Various multicriteria sorting methods have been proposed in the literature to assign the feasible alternatives into predefined categories. We consider here problems involving a set of totally ordered categories representing different achievement levels in the satisfaction of criteria. As in many existing methods, the assignment rule of an alternative to a category is based on the comparison of its performance vector to reference profiles defining lower bounds of the categories.
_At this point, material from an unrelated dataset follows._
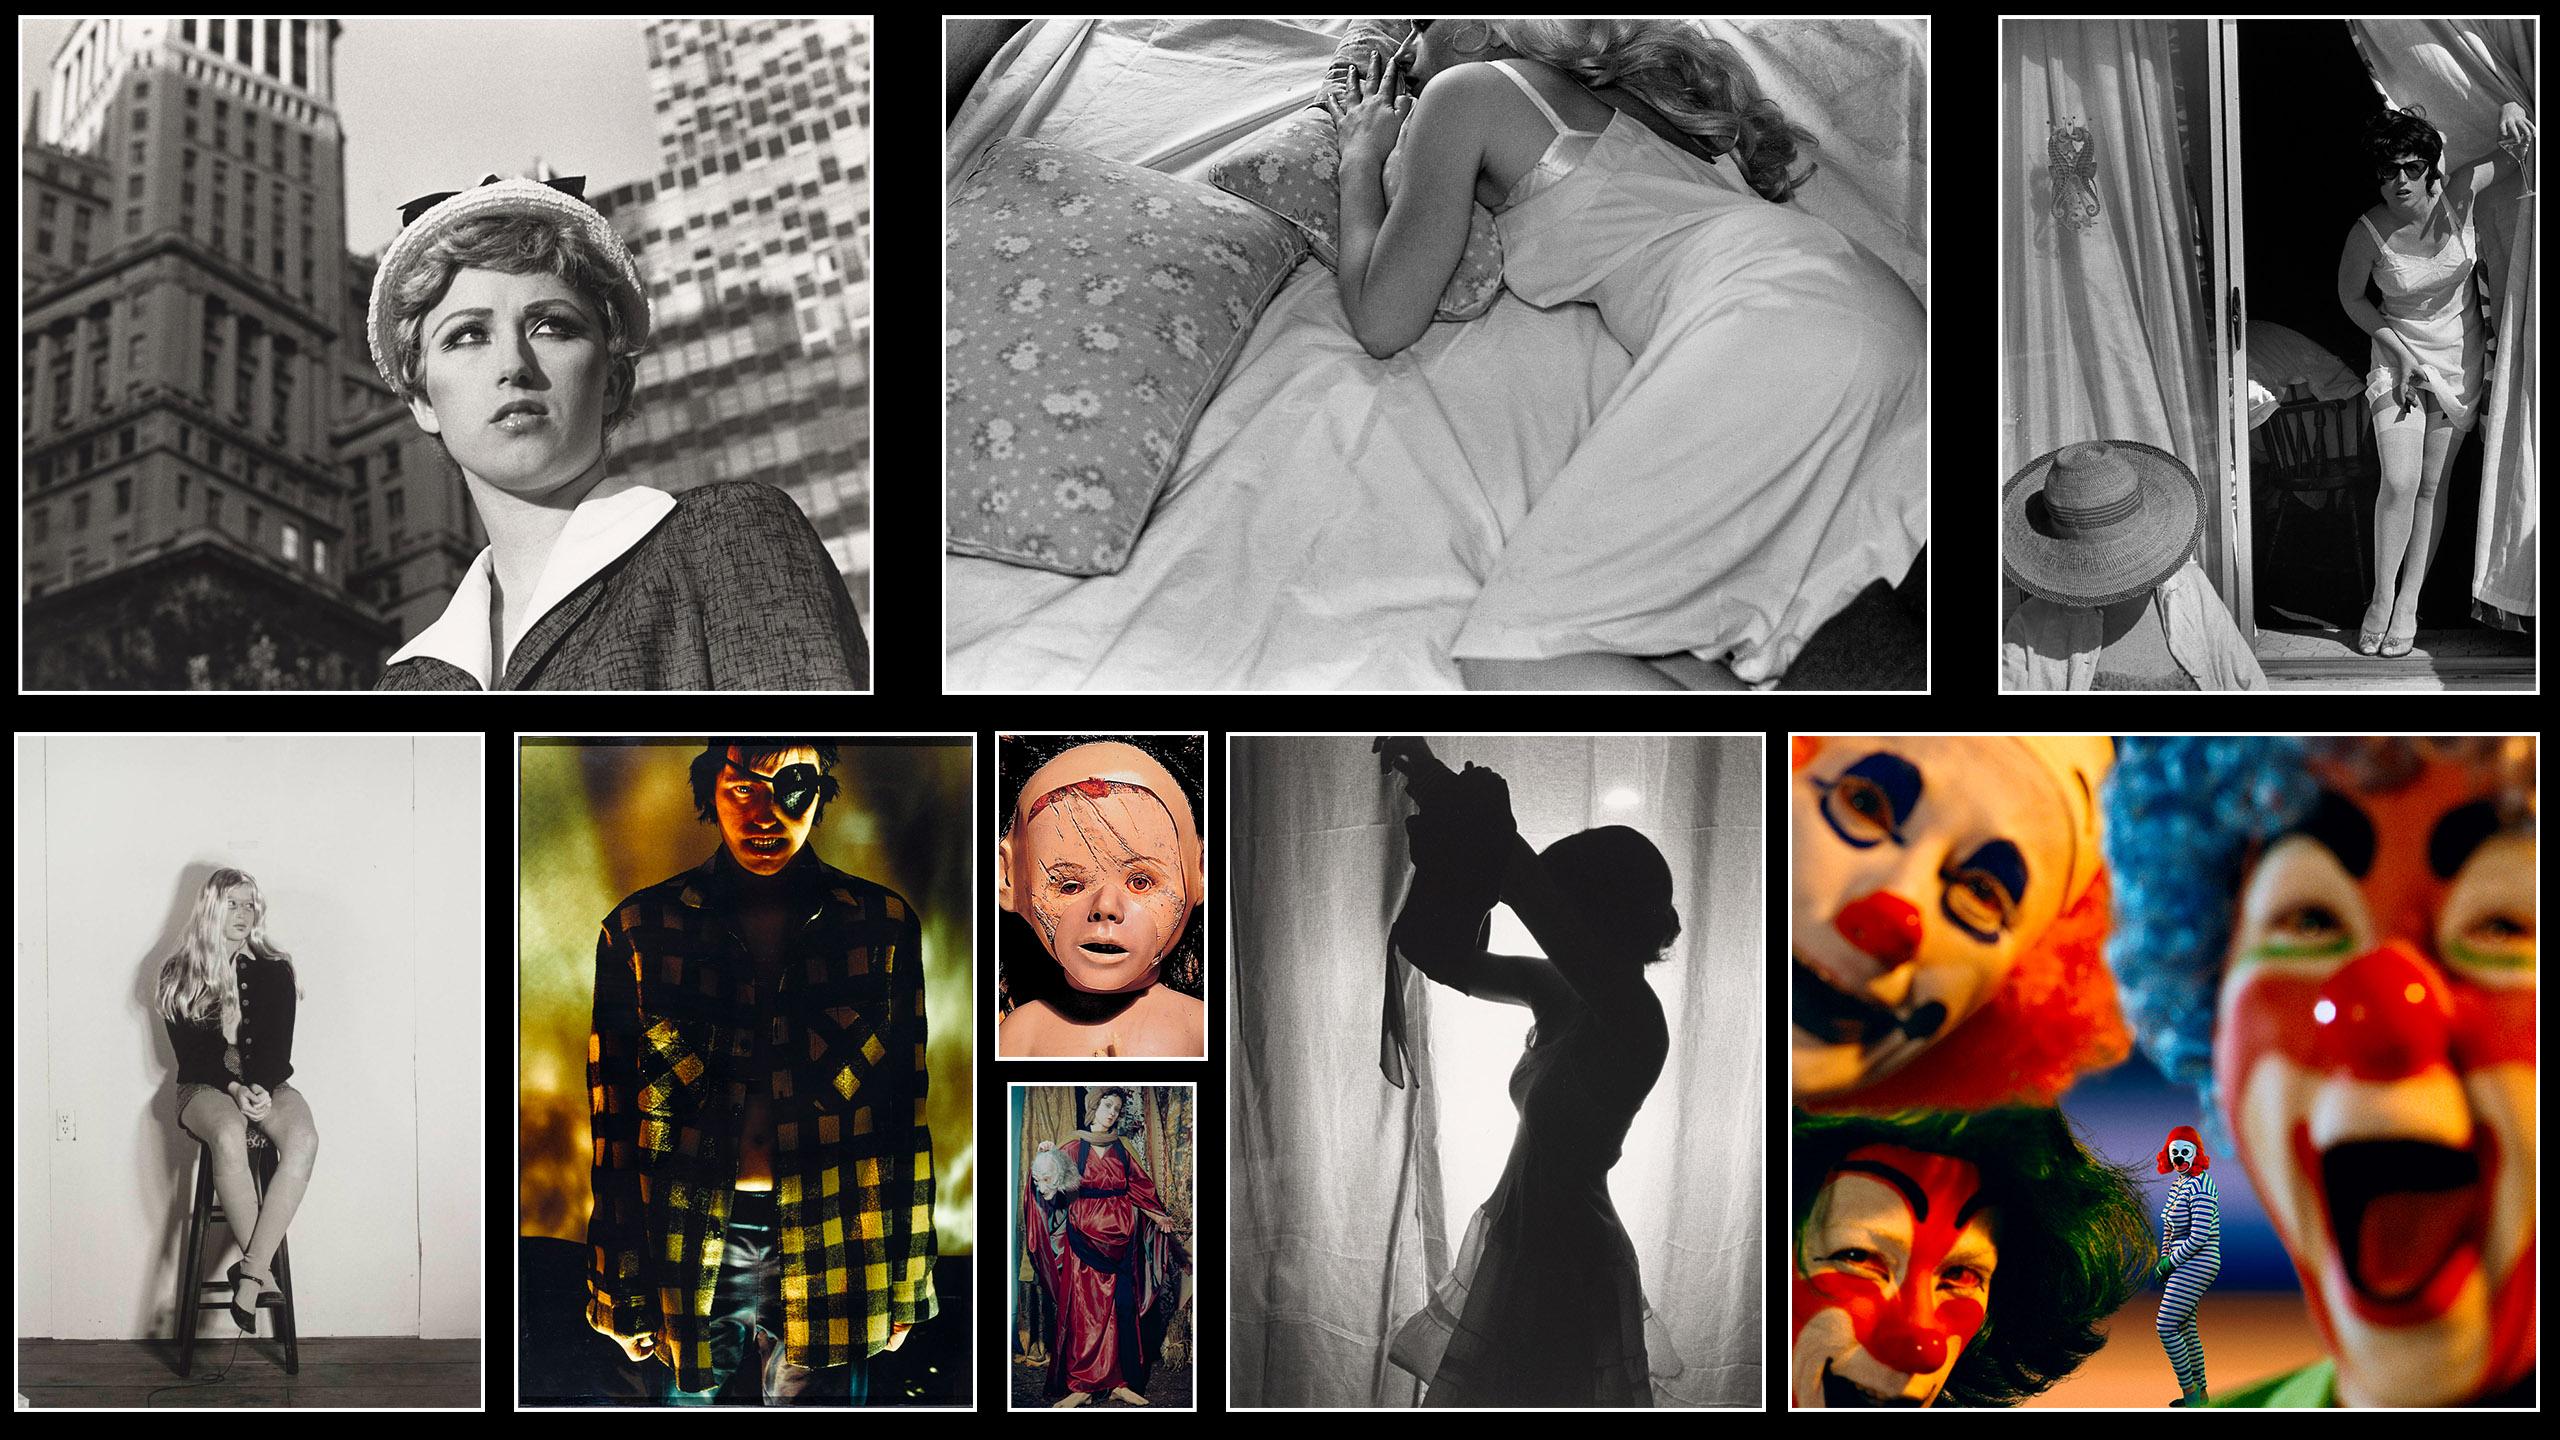 On Photography February 16, 2020 Cindy Sherman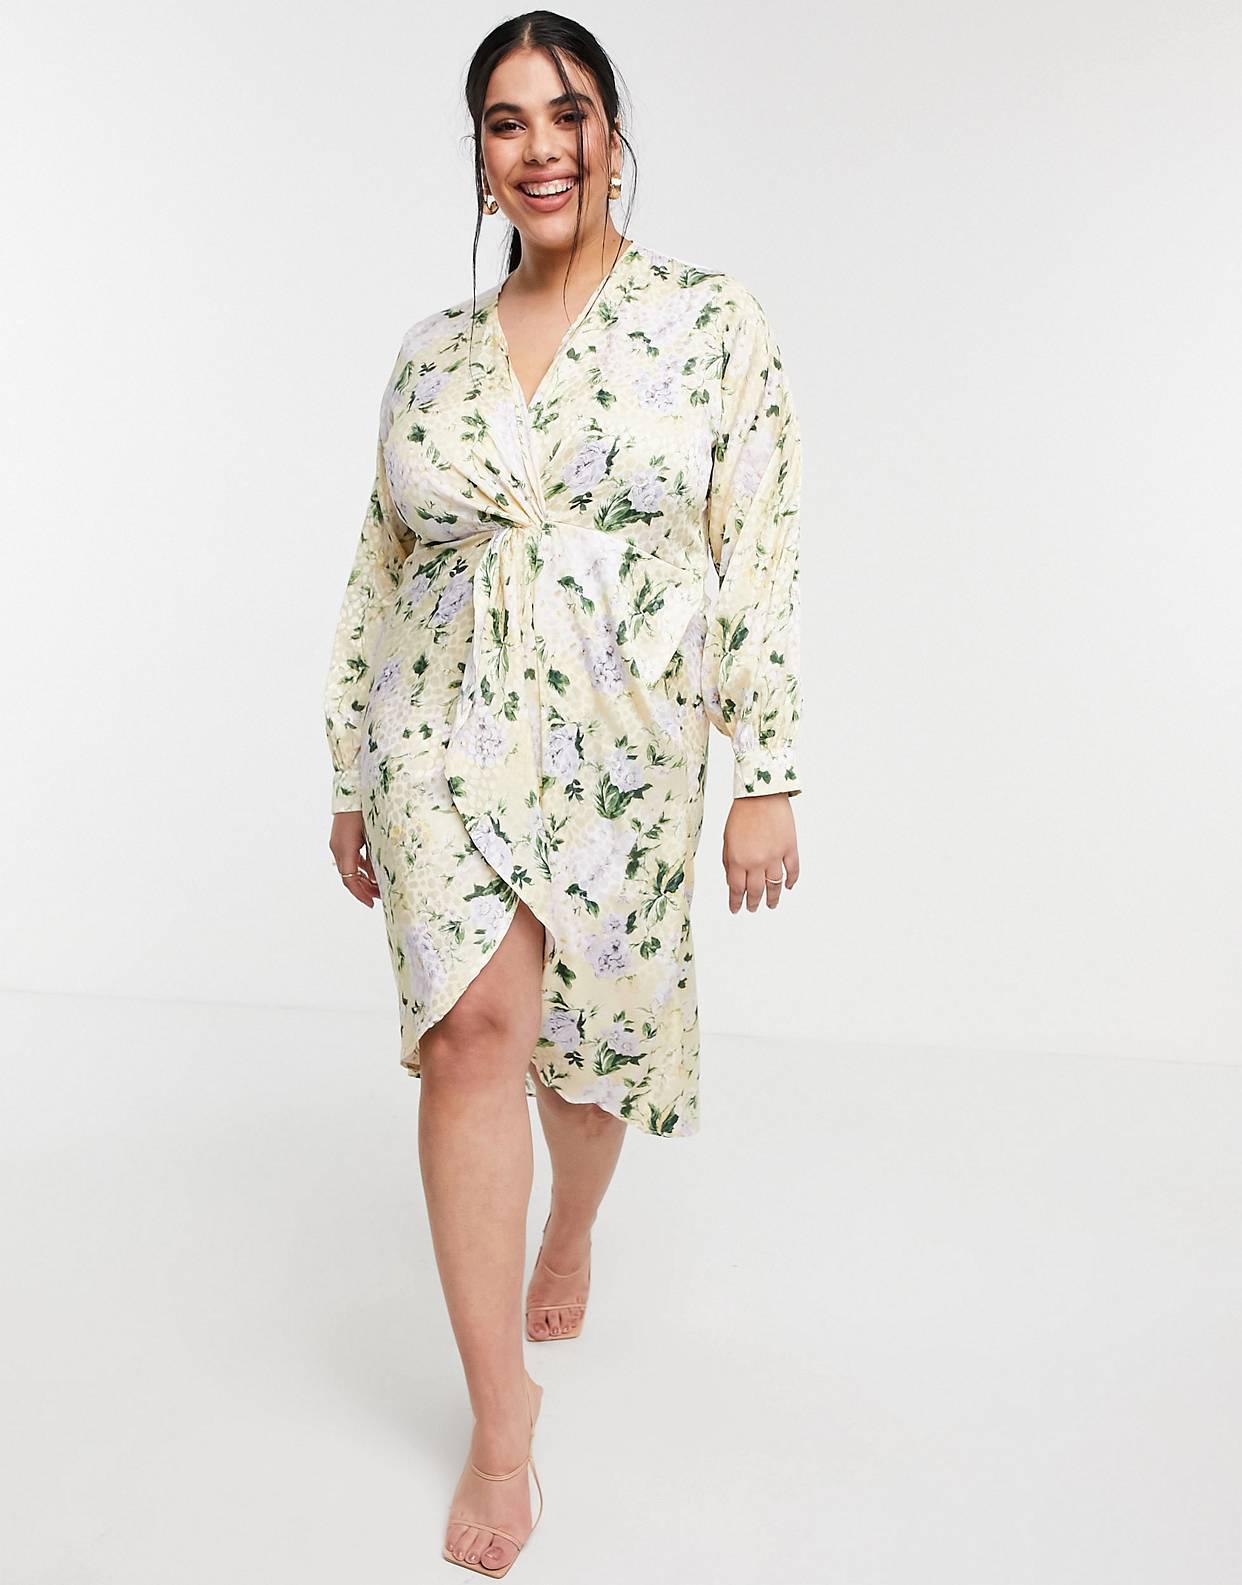 Vestido midi amarillo pastel estilo kimono de manga larga con estampado floral, parte delantera retorcida y bajo asimétrico de Hope & Ivy Plus

Within this standard setting we address a new problem that consists in finding how to modify a given solution, within a combinatorial set of alternatives, to upgrade it in the upper category (or higher) at minimum cost. We also consider the problem of identifying the sequence of solutions that minimize the total cost while satisfying some budget constraint at every step, and the problem of determining how to modify the current solution to save money while staying in the same category. We first propose a general approach based on mixed integer (linear or quadratic) programming to solve these problems. Then, we implement this approach on various multiobjective combinatorial problems, such as multi-agent assignment problems and multiobjective knapsack problems. Numerical tests are provided to establish the feasibility of the approach on instances of different sizes.

中文翻译：

---

组合域上多准则排序方法的最小成本改进和最大增益稳定性

文献中提出了各种多标准排序方法，以将可行的替代方案分配到预定义的类别中。我们在这里考虑涉及一组完全有序的类别的问题，这些类别代表满足标准的不同成就水平。与许多现有方法一样，类别替代项的分配规则基于其性能向量与定义类别下限的参考配置文件的比较。在这个标准设置中，我们解决了一个新问题，即寻找如何在一组备选方案组合中修改给定解决方案，以最低成本将其升级到更高级别（或更高级别）。我们还考虑了在每一步都满足一些预算约束的同时，确定最小化总成本的解决方案序列的问题，以及确定如何修改当前解决方案以在保持同一类别的同时节省资金的问题。我们首先提出了一种基于混合整数（线性或二次）规划的通用方法来解决这些问题。然后，我们在各种多目标组合问题上实施这种方法，例如多智能体分配问题和多目标背包问题。提供了数值测试来确定该方法在不同大小的实例上的可行性。例如多智能体分配问题和多目标背包问题。提供了数值测试来确定该方法在不同大小的实例上的可行性。例如多智能体分配问题和多目标背包问题。提供了数值测试来确定该方法在不同大小的实例上的可行性。